This function will return a 1d np.ndarray of floats by doing a distance calculation from the given vector to each vector stored in the embedding (likely including itself).

The distance calculation can be provided either as a function reference or a string representation mapped to the 2 standard distance functions we natively support. The functions supported are cosine and euclidean, both of which are scipy implementations. There is also a mahalanobis generator function that can be used, but first you must provide it with the inverse covariance matrix necessary for the distance calculations to be performed.

Parameters
  • vector (np.ndarray) – A 1d array-like (list, tuple, np.array) that represents the vector to compare against every other vector in the embedding

  • np.ndarray] embedding (Union[EmbeddingContainer,) – The embedding is either a 2d np array, where each row is a vector and the number of columns is identical to the length of the vector to compare against.

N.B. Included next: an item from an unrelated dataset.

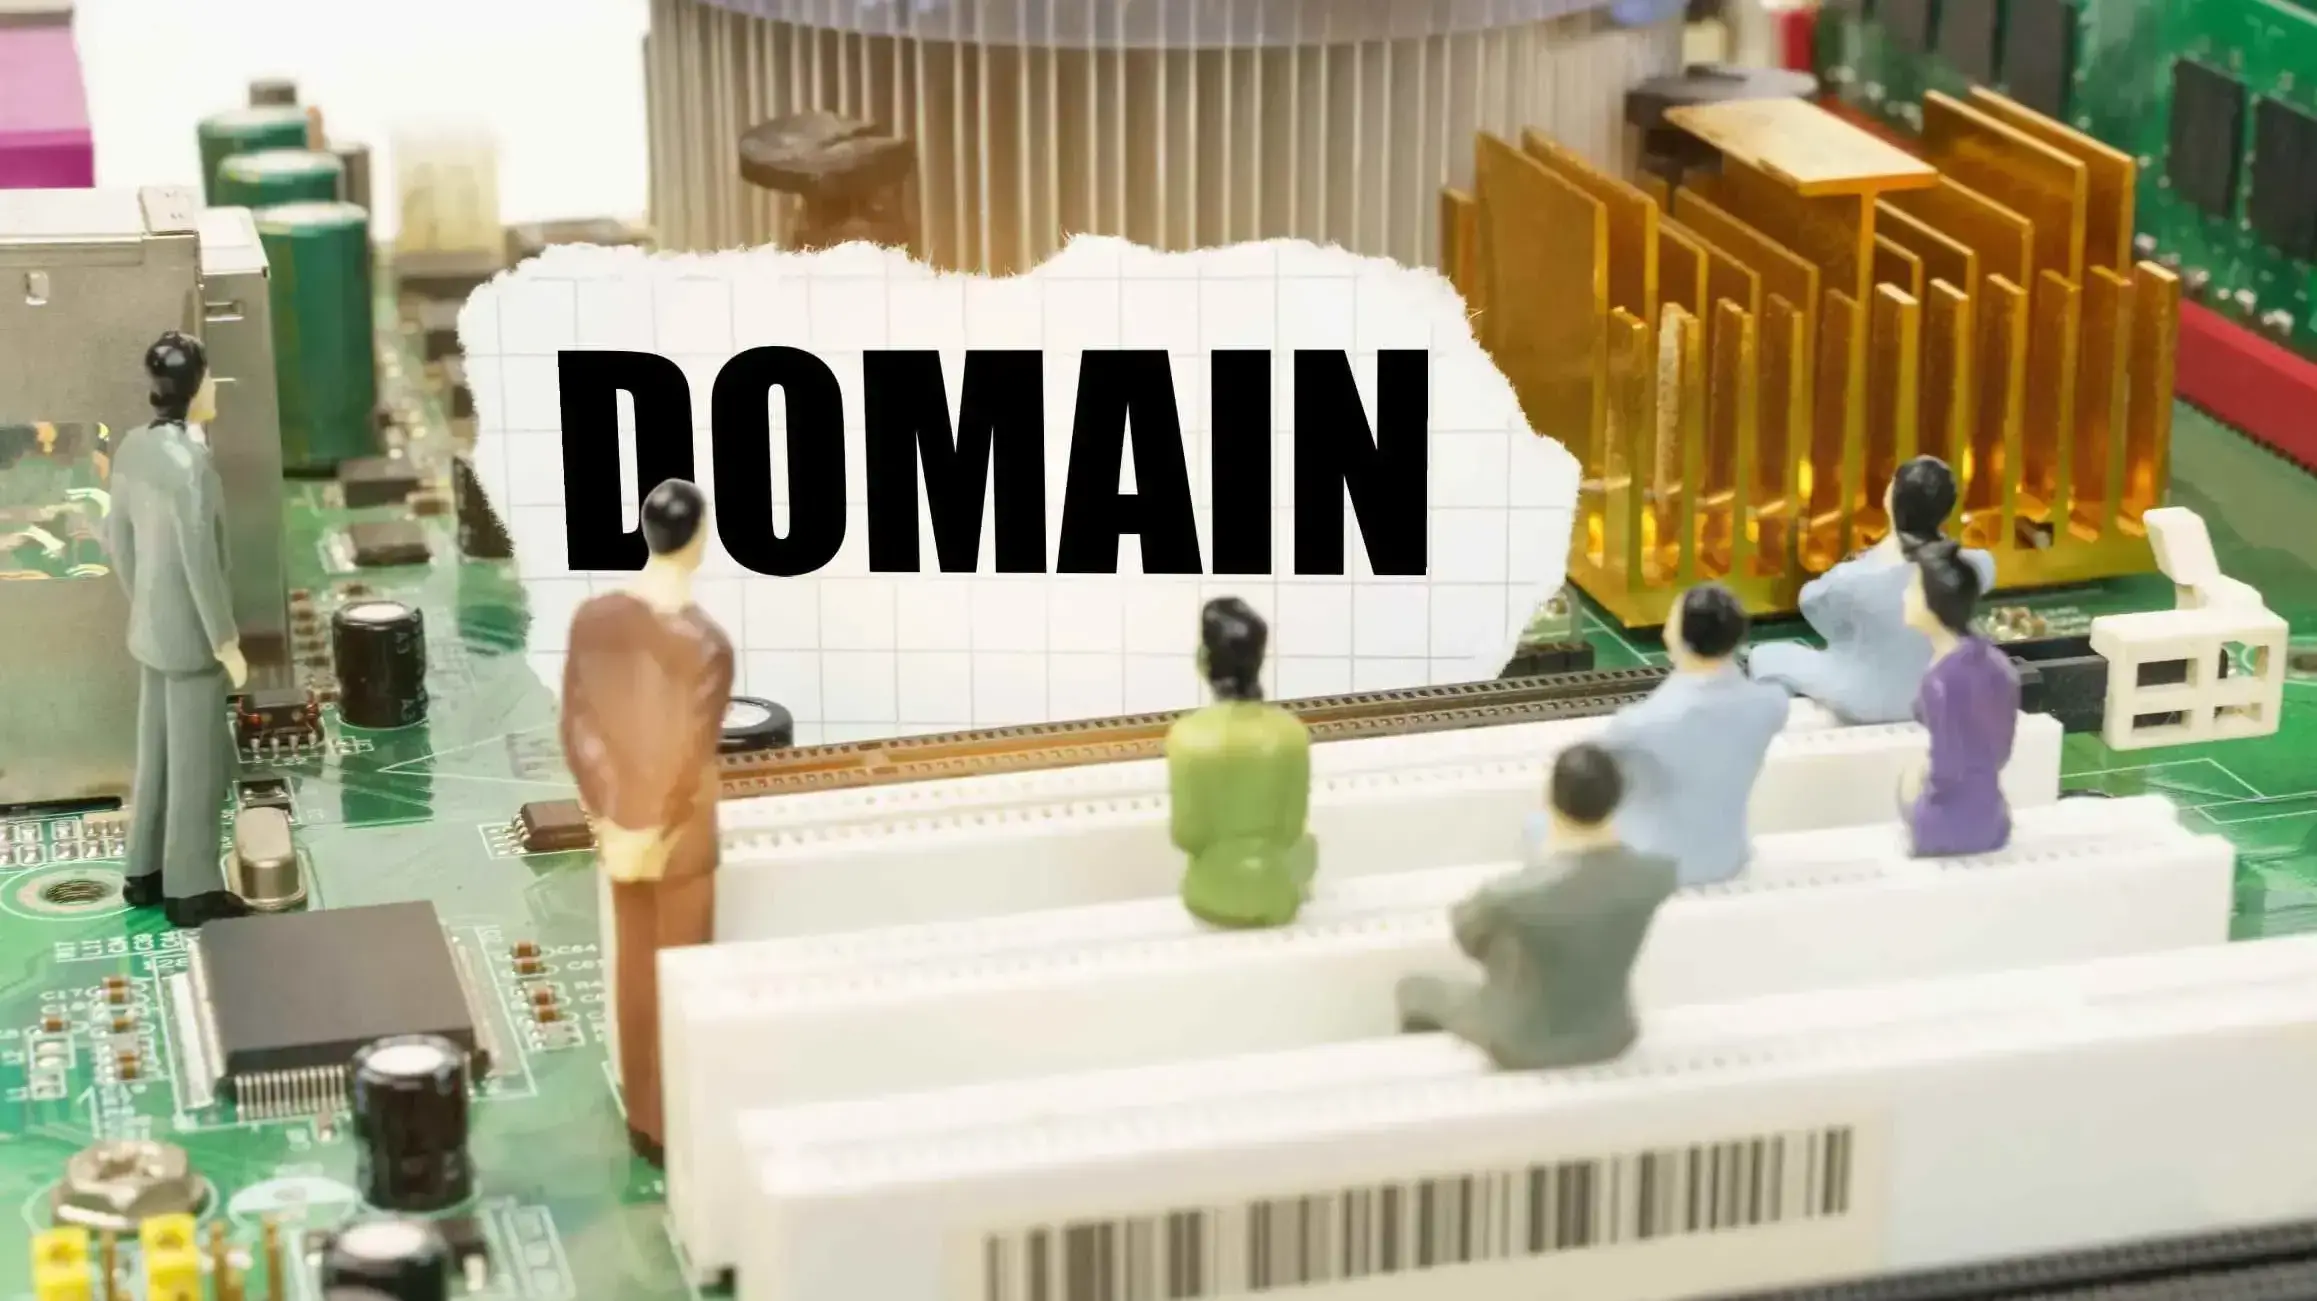 How to Find Out the Owner of a Domain

  • method (Union[str, Callable[[np.ndarray, np.ndarray], float]]) – Method can be any distance function that takes in 2 parameters. It can also be the string mapping to that function (as described by valid_distance_functions()). Note that you can also provide other functions, such as mahalanobis, but they require more information than just the comparative vectors.

Returns

np.ndarray of dtype float the same length as the count of embedded vectors

Examples
>>> vector = [0.3, 0.4, 0.5]
>>> embedding = np.array([[0.3, 0.4, 0.5], [0.31, 0.44, 0.7]])
>>> embedding_distances_from(vector, embedding, method="cosine") # using string version of method name
array([0.        , 0.00861606])
>>> embedding_distances_from(vector, embedding, method=euclidean) # using function handle
array([0.        , 0.20420578])